Thanks to decades of breeding, the modern agricultural tomato has a lot of properties that are great for farmers: the plants are incredibly productive, and the resulting tomatoes hold up well to shipping. Just one small problem: they are nearly tasteless. Heirloom tomato strains have become available precisely because people aren’t especially interested in the mass-produced, modern tomato.
In the words of a panel at the meeting of the American Association for the Advancement of science, we “broke” the tomato by allowing the plant breeders to respond to the needs of farmers, instead of the tomato’s end-users: consumers. As a result, their breeding has produced a product that most people don’t actually enjoy eating. And that’s a public health issue, given that tomato-rich diets have been associated with a variety of beneficial effects.

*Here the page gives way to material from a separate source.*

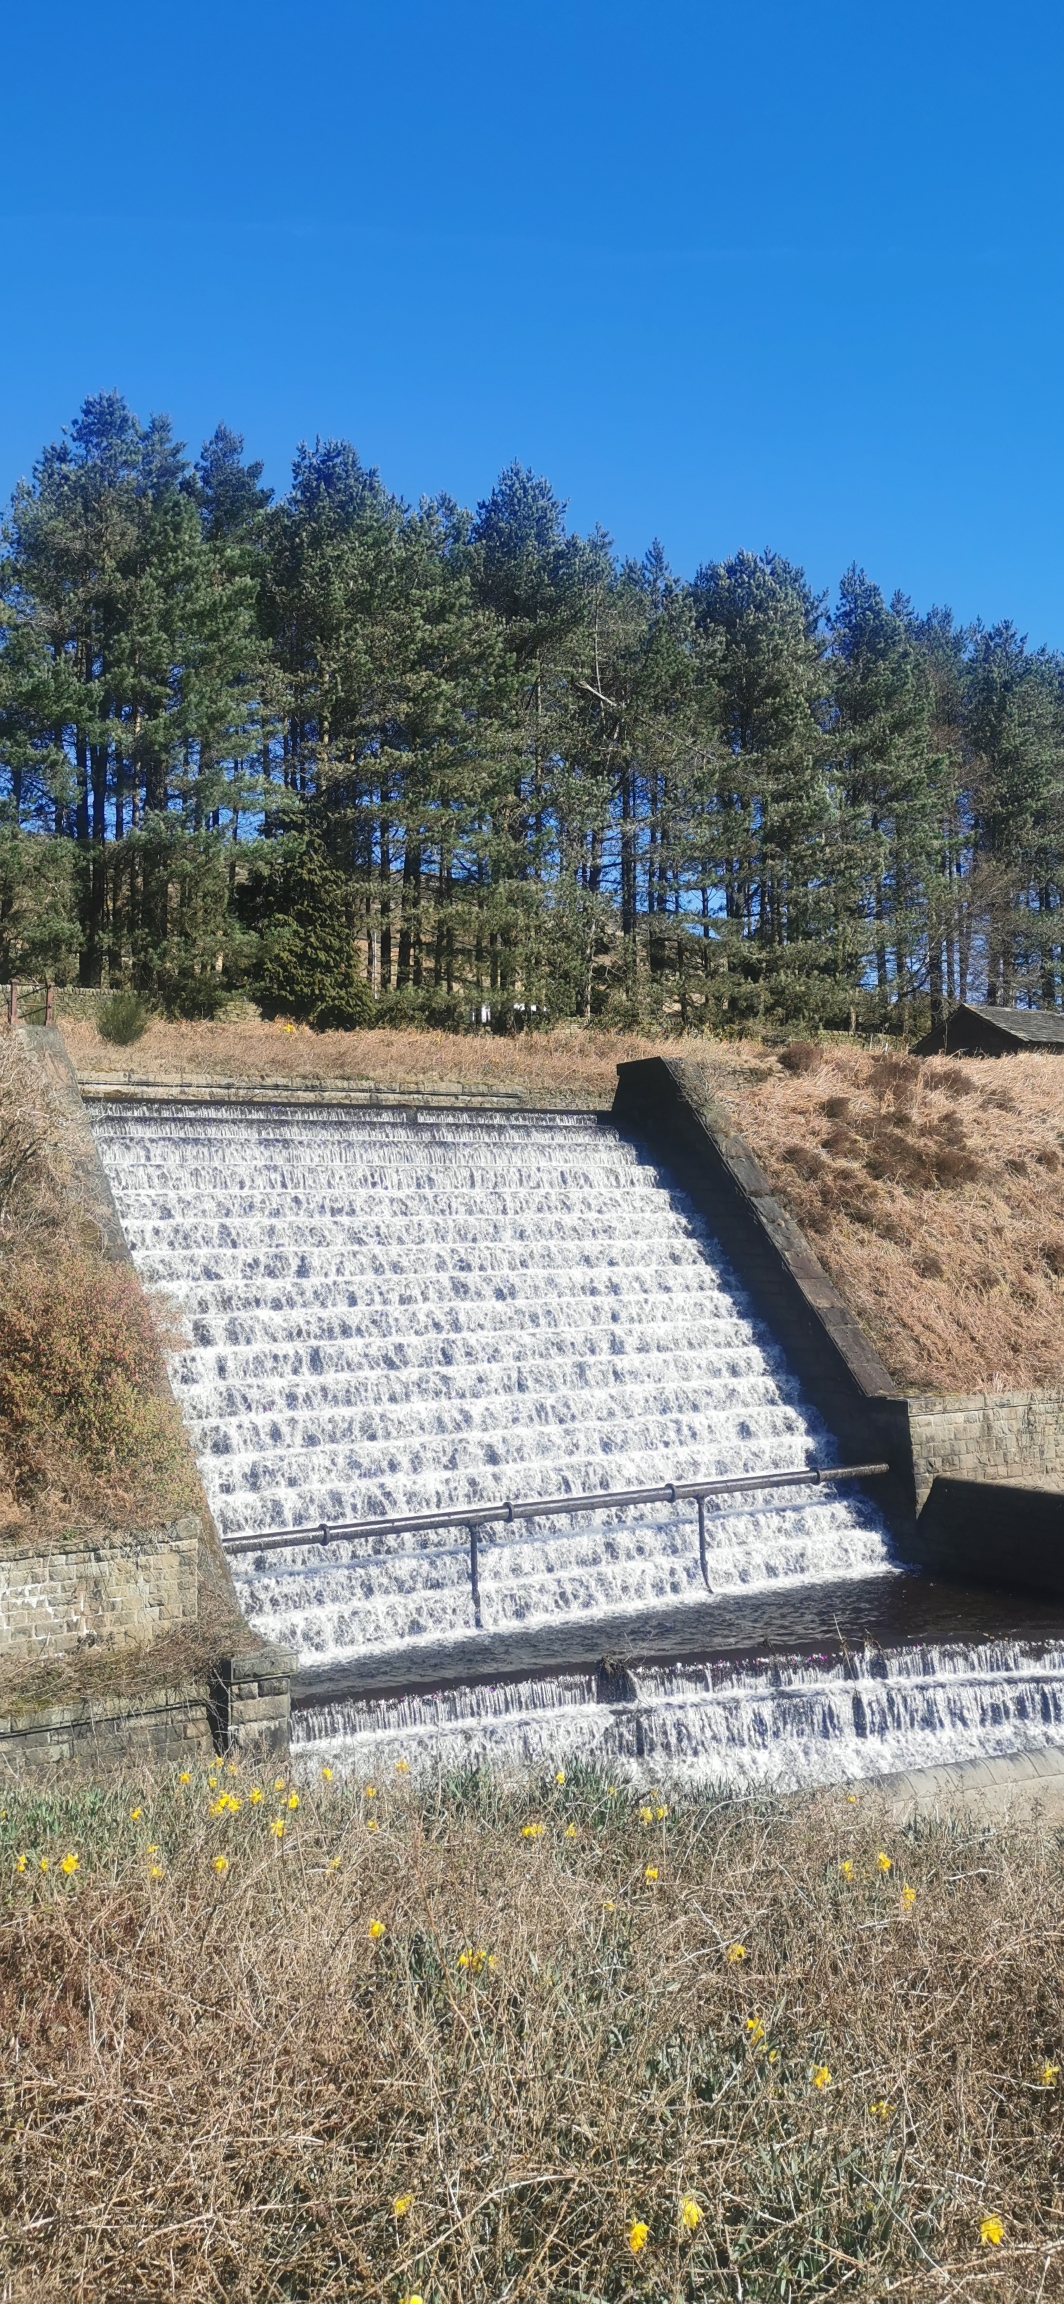 Photo taken between Torside Reservoir and Woodhead Reservoir

Fortunately, the panel featured a number of people who are trying to fix the tomato using up-to-date biochemistry and genetics.
Yale’s Linda Bartoshuk set up the challenge with a little experiment: everyone in the audience was given a raspberry Jelly Belly. Bartoshuk had people hold their nose, then start chewing on the candy. For me, it tasted generically sweet. When, on her instructions, I released my finger, there was a sudden explosion of flavor, a lot of it evocative of raspberries—and a sudden murmur from the audience suggesting they were experiencing something similar.
What’s going on? A lot of our experience of flavor really does come from smell, but not from breathing in; instead, volatile chemicals disperse out of the back of your mouth, with some of them reaching your nasal passages. Not only can these volatiles convey a distinctive flavor, but they can also interact with flavors sensed by the tongue, enhancing or suppressing sweetness, saltiness, etc.